Many Americans feel that allowing drug use or prostitution to go on without legal persecution could have negative consequences, such as an erosion of our “national character.” They may be right, but they also conveniently ignore the negative repercussions of prohibition. For instance, the Bambi women are protected, theoretically at least, from exploitation precisely because their job is legal. If their employer defrauds them in some way, they have recourse to the law.
Compare this with the plight of prostitutes, who depend on the good character of their pimp for protection. So, too, the drug user or drug dealer, whose only real option for settling conflicts is violence (which explains why no one does a drive-by shooting over a bottle of Jack Daniels any more). Some would argue that such victims are only “getting what they deserve,” but this is just an extension, not an explanation and certainly not a justification, of the fallacious view that certain peaceful acts deserve punishment.
This isn’t to suggest that people should abandon their moral beliefs and view all peaceful conduct as being moral by default. There are certainly peaceful pursuits that deserve moral condemnation, but that doesn’t mean they ought to be illegal. Free people create governments to protect their individual rights, which can be violated only through the use of force or fraud. If neither can be proved in any given relationship, then the state, and the moral bullies who run it, should butt out. They should certainly feel free to preach, teach, persuade, educate, or verbally condemn those whose activities they find offensive — that too is a symbol of a free society — but if a Bambi wants to run around naked, sleep with John, or sell drugs for money, it’s nobody’s business but hers.
Libertarians, like other Americans, have deeply felt convictions about what constitutes proper moral behavior. They are Christians, atheists, Objectivists, humanists, environmentalists; they go to church, football games, movies, and potluck socials, and one isn’t likely to find them disproportionately represented on the firing line in the Nevada desert; some take drugs, most don’t. In short, their preferred pastimes are much the same as anyone else’s, and far from being amoral, they too hold opinions on the way people ought to act.

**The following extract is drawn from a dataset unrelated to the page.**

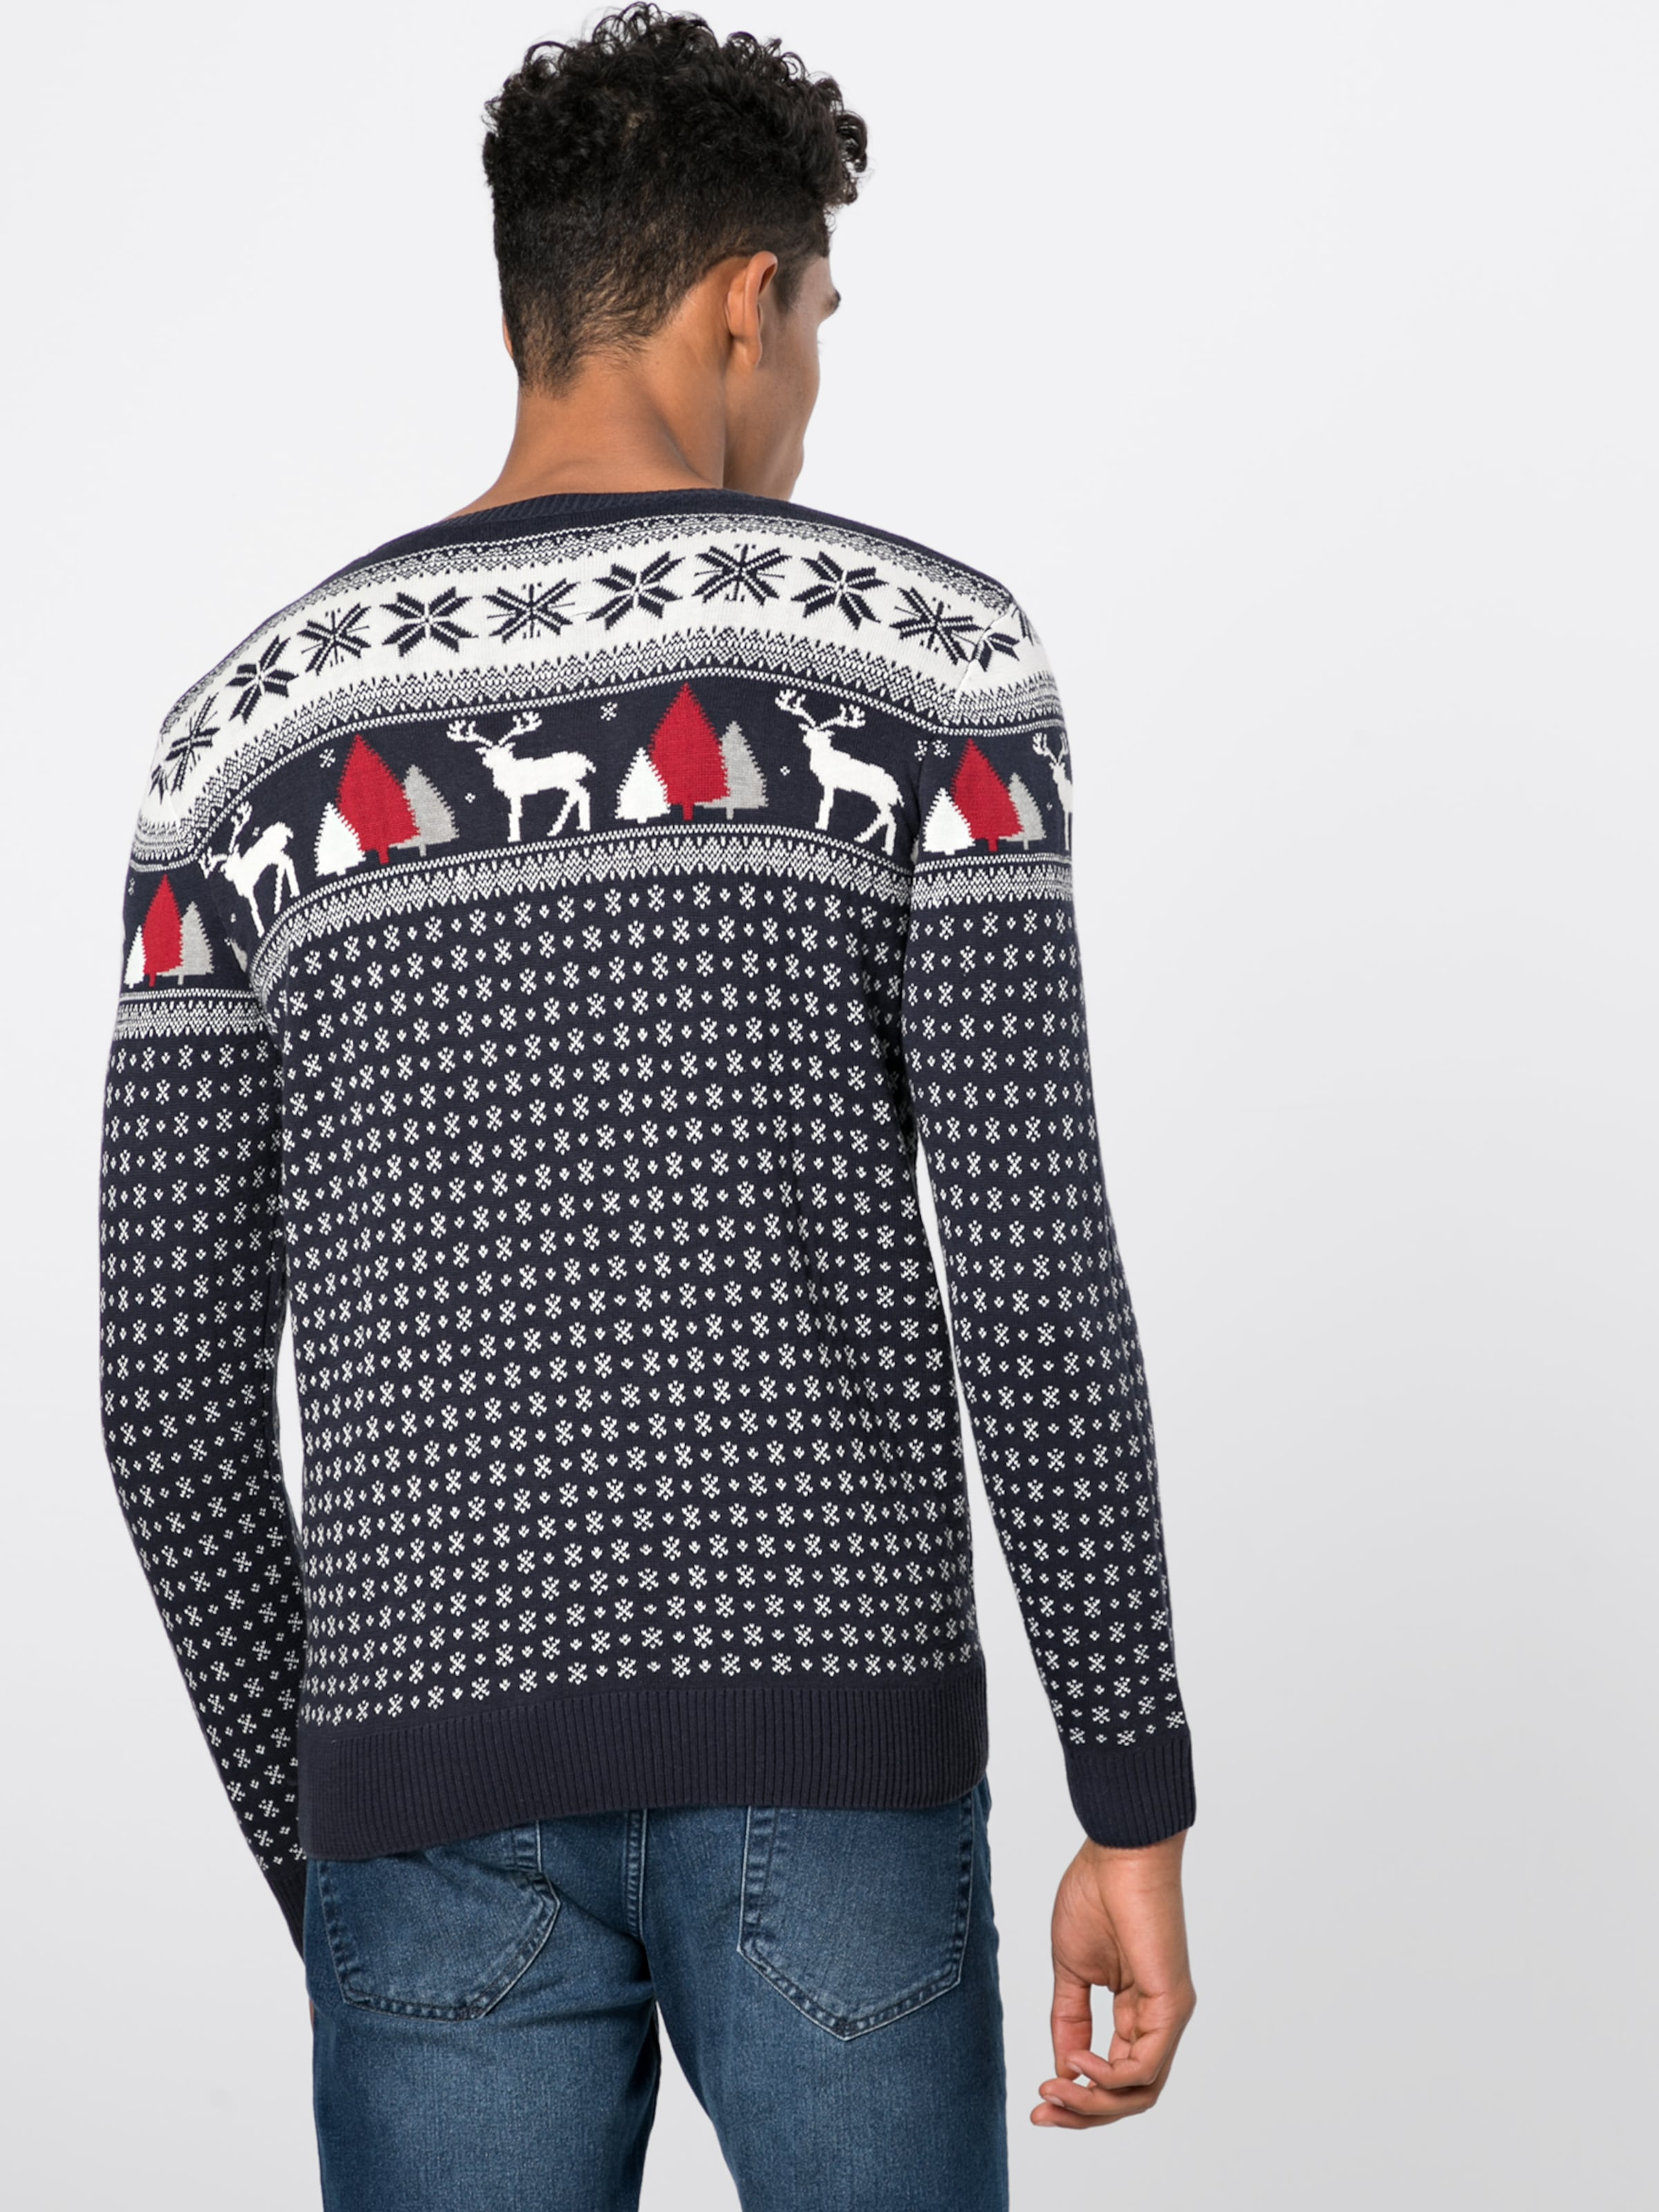 Pull En Bleu NuitBlanc 'christmas Tom over Sweater' Tailor pSqzUVGM

The difference, however, is that libertarians are united in their belief that so long as no one’s rights are being violated, the government cannot be morally called in to act as regulator of civil society. “The right to think and act as one chooses necessarily includes the right to choose incorrectly,” wrote philosopher Leonard Peikoff. “The goal of a proper society, accordingly, is not to compel truth or virtue (which would be a contradiction in terms), but to make them possible — by ensuring that men are left free.”
Hunting for Bambi is rightfully legal. So too should be every other form of peaceful recreation, however offensive to some, or even most, Americans.